Cheers to The Choir of Man in Melbourne

Choir of Man Melbourne

The Choir of Man’s highly anticipated debut on January 5 at Arts Centre Melbourne hints at a sensational run, building on the production’s previous success in London’s esteemed West End.

The show invites audiences to step into “The Jungle”, a captivating local haunt that becomes your own for the night, resembling that of a traditional British pub complete with saloon doors and a working timber bar to enjoy a pint with the cast before taking your seat.

Created by Nic Doodson and Andrew Kay, The Choir of Man serenades audiences with a stellar soundtrack of pub anthems, rock classics and pop hits; from Guns N’ Roses and Paul Simon, to Katy Perry and Adele.

Throughout the course of the night, you’ll get to know each member of the nine-bloke choir, and soon realise that the show is about more than just song and beer.

“A big part of the show is finding the extraordinary in the ordinary,” Rob Godfrey said, who plays the character of the Beast.

“You go to most shows and they’re fantastical stories celebrating these extraordinary feats, but this is just people in a pub having fun – that’s ordinary, but there’s something extraordinary that comes from that.”
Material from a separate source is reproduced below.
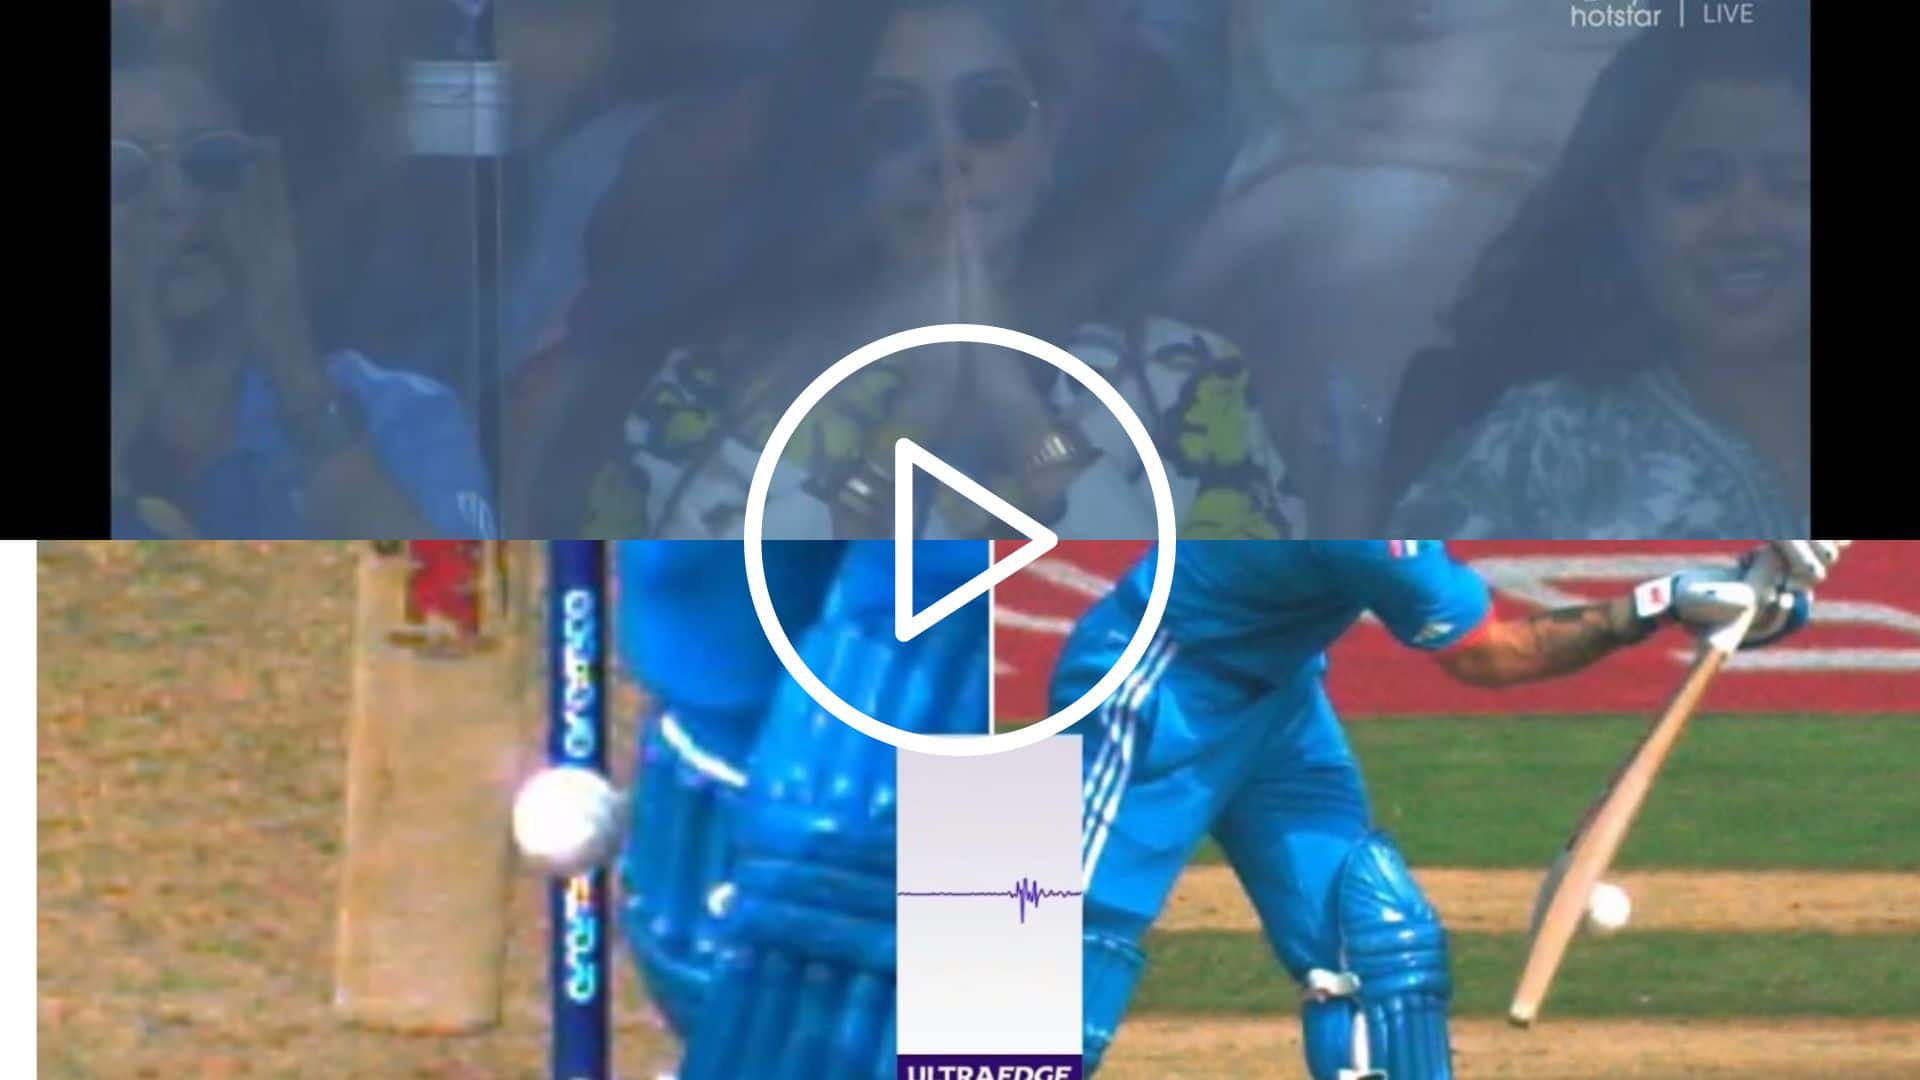 [Watch] Anushka Sharma Almost Had 'Heart In Her Mouth' As Virat Kohli Nearly Survives LBW
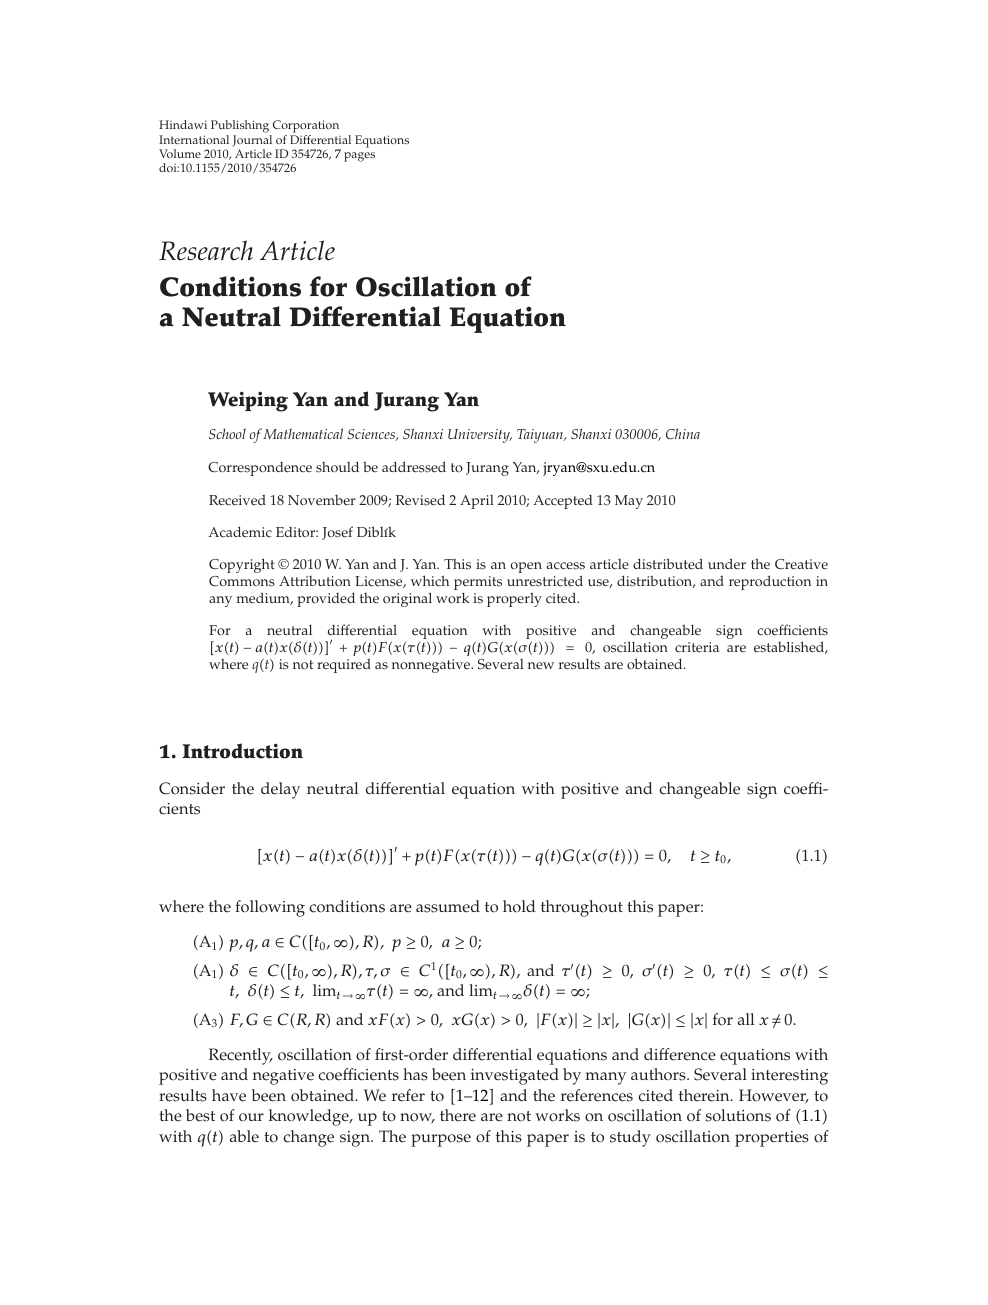 Conditions For Oscillation Of A Neutral Differential Equation Topic Of Research Paper In Mathematics Download Scholarly Article Pdf And Read For Free On Cyberleninka Open Science Hub

Although the Beast “looks like the kind of guy you wouldn’t want to mess with”, as the show goes on, audiences soon discover that beneath his tough exterior lies a “complete softy”.

“When I did the audition, they read out the description of the Beast and it was annoyingly accurate – I don’t have to act, I'm as soft as anything,” he said.

Not only is there no need for the cast to don their characters, but it’s clear that the enthusiasm and excitement in their performance is also genuine.

“No one’s faking it,” Mr Godfrey told Southbank News.

“It does genuinely feel like when we’re doing it that there’s not really much acting involved – you get up on the stage and just have fun, and it feels like we’re just going out together every night.”

When asked what makes The Choir of Man unique to other musical offerings, Mr Godfrey says that the level of audience participation is “different from a lot of other shows”, keeping things “alive and fresh” for the cast each night.

“When you invite an audience member on stage and make them a huge part of the show, anything could happen – it keeps it exciting for us because some of the reactions we get make it really hard to sing through and try not to laugh.”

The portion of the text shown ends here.